I am currently writing this letter at 11:20PM on Tuesday night. When I actually publish this post, it will be Wednesday, December 11th. Exactly two weeks before Christmas. I have another snow day tomorrow (today), but I'm writing this letter to you at this time of night because I can't sleep. I have a lot weighing on my mind, and I figure this would be a perfect way to help get some of the thoughts out of my head so that I can get a couple of hours sleep tonight.
You see, I have to get up at 4:30 in the morning because I'm going to be with my mom while she has a very important surgery. I have said that I wouldn't write about this on my blog, but it's time I let out some of the weight that's pressing on my mind.
A couple of weeks ago, I received some news that shattered my whole world. It made me reevaluate everything that was currently going on in my life, take a step back, and think about the stuff in my life that's truly important to me. It was no longer important that I was frustrated about kids not passing a reading test. It was no longer important that I was sleep deprived from being gone so much from home. It was no longer important that I was holding in pent up feelings towards my mother about some of the changes that were happening associated with my "normal" holiday traditions. None of it mattered, because I received news that made all of that stuff take a back seat. It helped me realize that there are bigger issues going on in the world, my world, and the petty frustrations and feelings I was having were nothing compared to the feelings and emotions that hit me like a ton of bricks when I heard the news.
My mom was sick.
Not a cold, or the flu, or an infection of some kind. Really sick. Life threateningly sick. And at that moment, all that mattered was getting my mom well again.
The last couple of weeks have been a roller-coaster ride of emotions. Doctors visits, tests, waiting for results, invasive procedures...and everything coming back bringing good news and leading me in to what's going to take place tomorrow. My mom can be cured. She can get better. It's just going to require a surgery and everything will be OK.
Normally, around this time of the year, I write you a letter. That letter includes what I want for Christmas, and I don't remember a single "Santa letter" that has included any materialistic item. Each and every year I ask for my kids to have a good Christmas, I ask for my students to be safe, warm, and fed, I ask for my family to enjoy their time together without any fighting or arguing.
This year, I still want all of those things, but I also have a major request.
Please, make sure that my mom has a great Christmas.
Every Christmas, my mom rushes around for weeks before hand making sure she has everything she needs to make Christmas good in her house. No matter how many kids she has, it's her top priority to make sure they are all happy. She makes sure they get the gifts that they want. She makes sure there's enough food for everyone. She makes sure that all that come to her house are welcomed and enjoy themselves.
This year, her only job will be staying well. Not pushing herself too hard. Letting everyone else run around and take care of what needs to be taken care of. And, I want her to be able to be OK with that. As much as she won't be, she has to understand that her getting well means much more to all of us than any Christmas gift or food we might eat on the day.
Before I go to sleep tonight, I will be saying the prayers I need to say in order to bring her safely through her surgery. I will be asking the Big Man, himself, to keep my mom safe through the surgery and to help make sure that the surgery does what it's supposed to do. I'm also asking him for everything that I'm asking you for, but I don't think it hurts to put it out there to you for back up. Reinforcement, you know?

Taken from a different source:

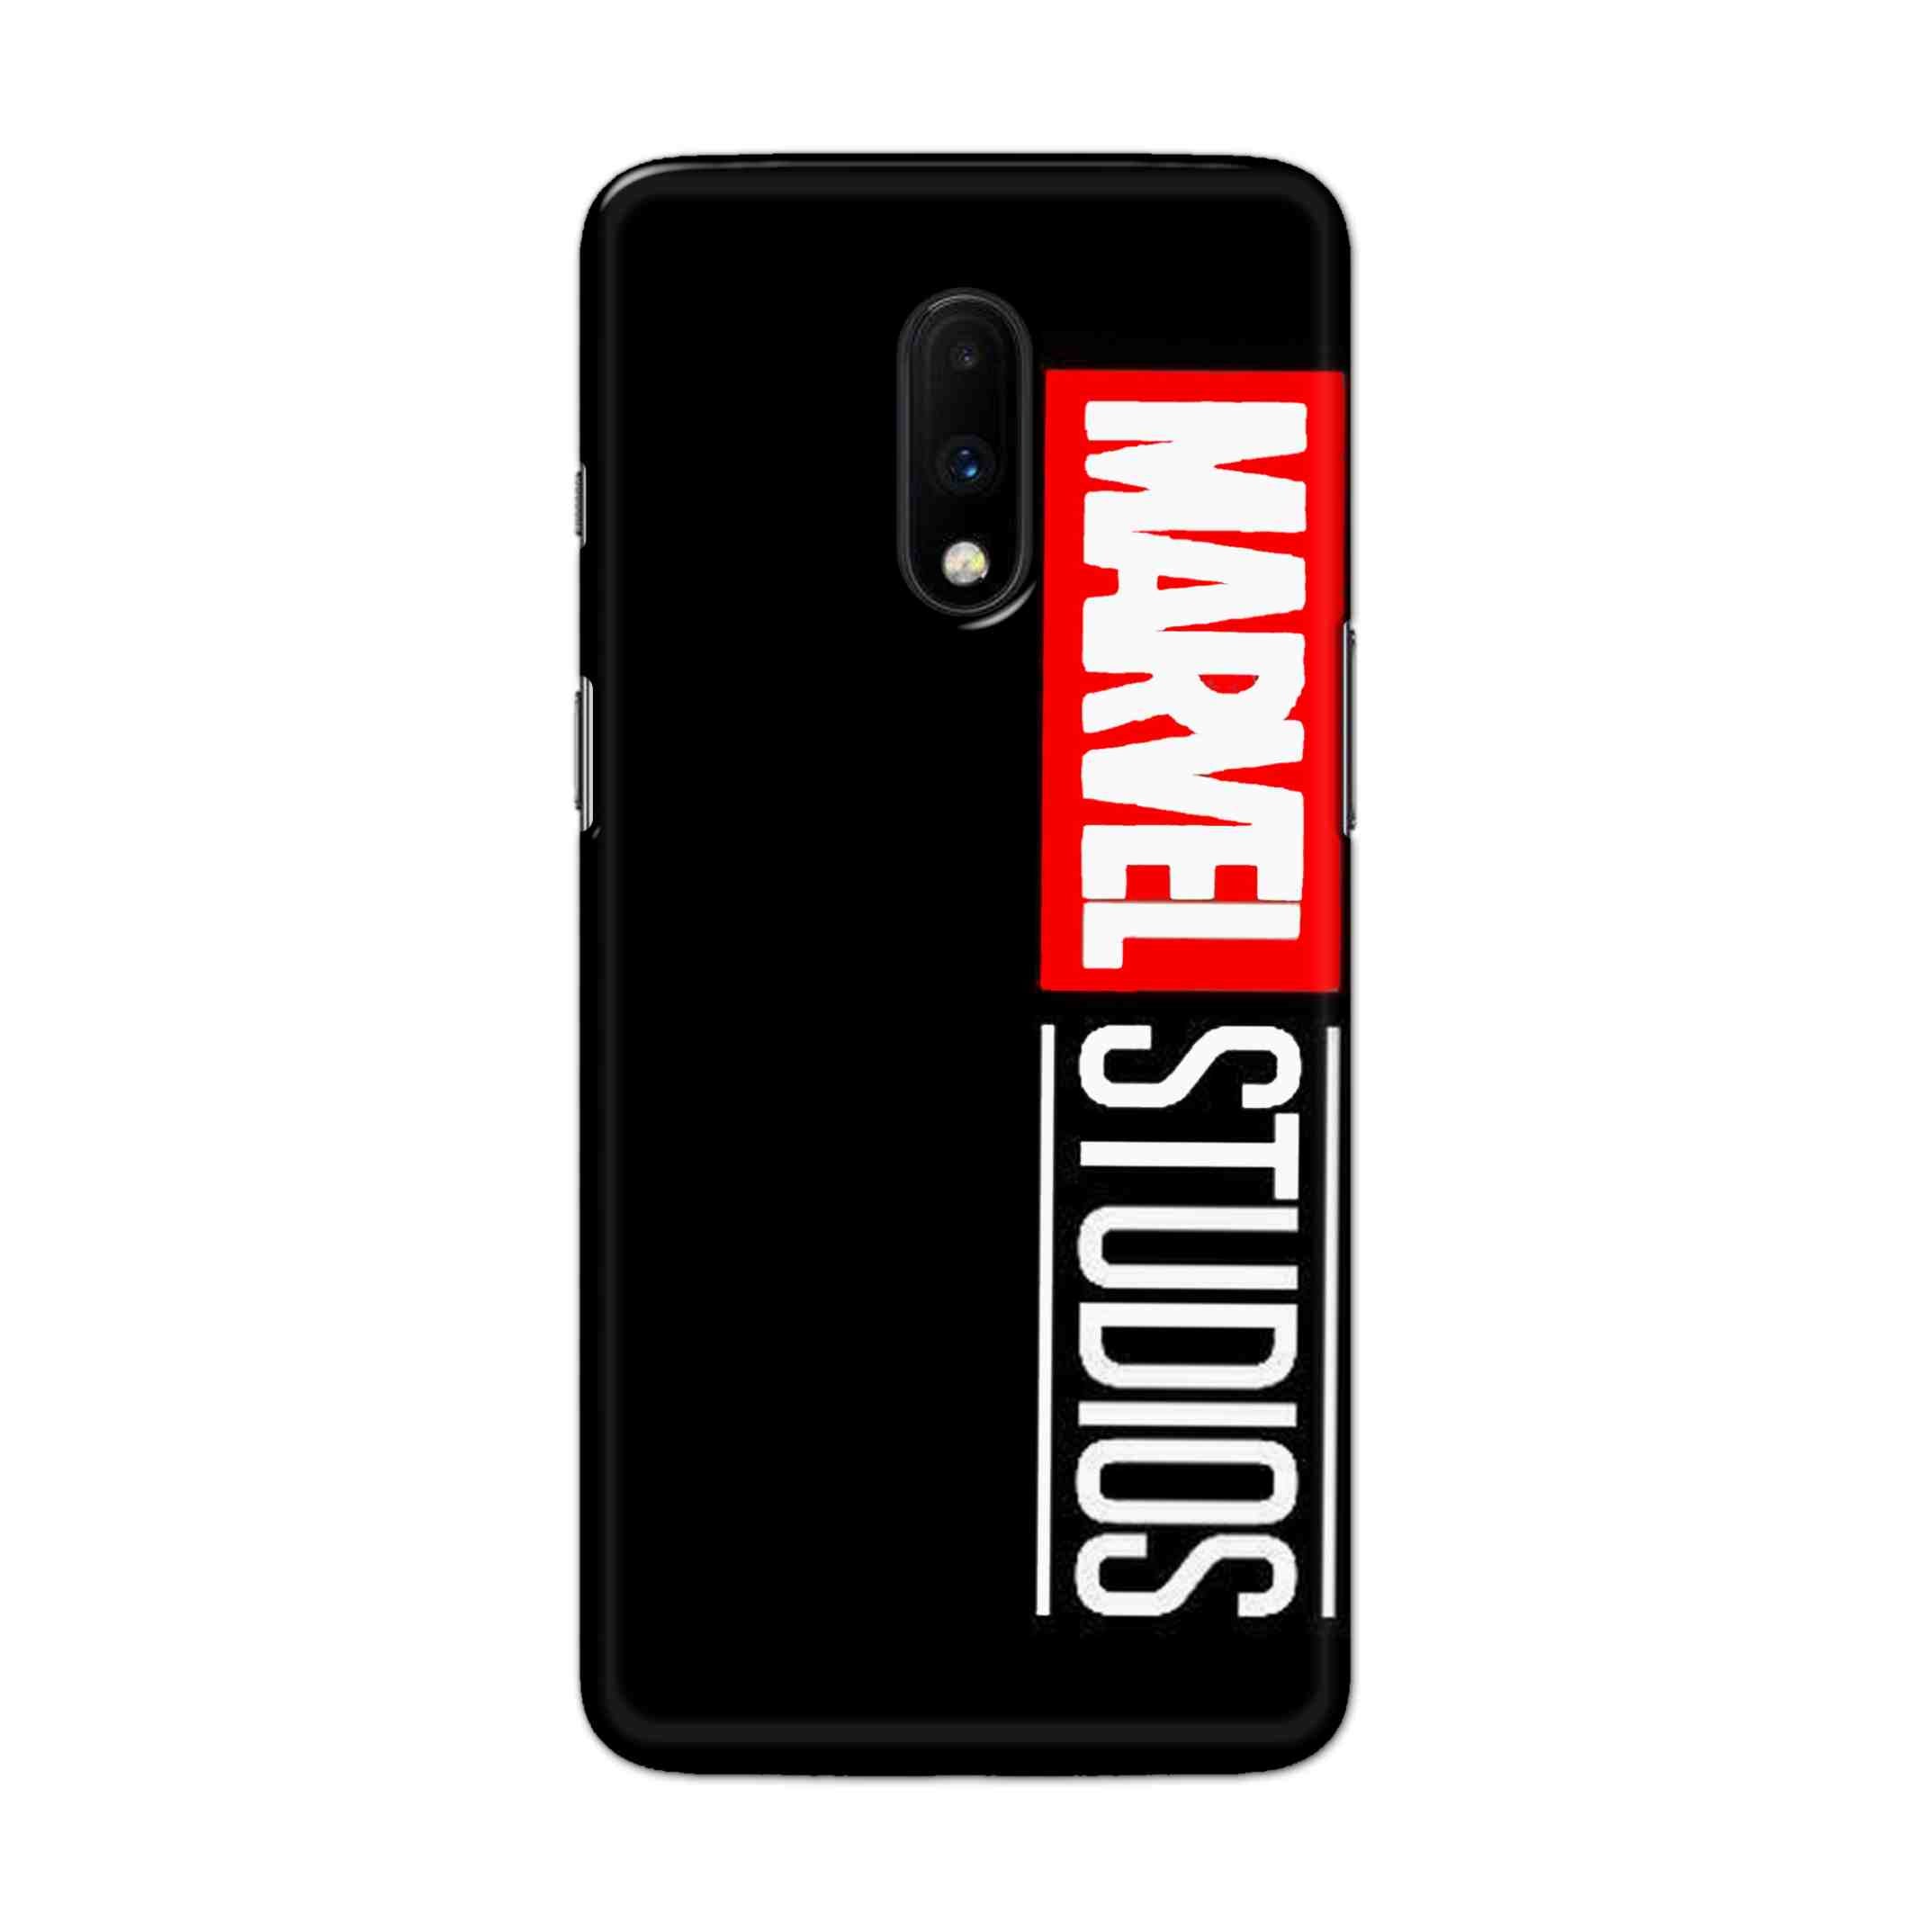 Buy Marvel Studio Hard Back Mobile Phone Case Cover For OnePlus 7 Online

This Christmas, I want my kids to be happy. I want them to enjoy their time, get the gifts they want, and be thankful for everything that we've been blessed with. I want my students to have the same thing. But what I NEED is my mom. Healthy. Safe. Happy.
I know that I can make sure that all of my wants are taken care of. I know that I will take care of my kids having a good Christmas. I know that I can do my part to ensure that my students get some joy before the Christmas break. But, making sure my mom is as healthy as she can be by Christmas is out of my hands. That's when I need my Christmas miracle. That's when I need to cash in all the stored up favors that I've been holding on to.
So, Santa, while you are very busy right now, I hope that you hear my request. I hope that you can do what you can to grant me this one request. I'm counting on you, right along with the millions of children that are counting on you to deliver that gift they've had their eye on all year long.
My mom is my world. She's my everything. She has to get through this surgery tomorrow, and be as healthy as she can be in a matter of two weeks... especially when one of those weeks will be spent in the hospital.
I'm counting on your, Santa. I have kept your spirit alive in my house year after year after year... and now it's time that you shine that reinforce that spirit with a little Christmas magic.
OK, time for me to go.... I have a very long prayer that needs to be said before I lay my head down to sleep.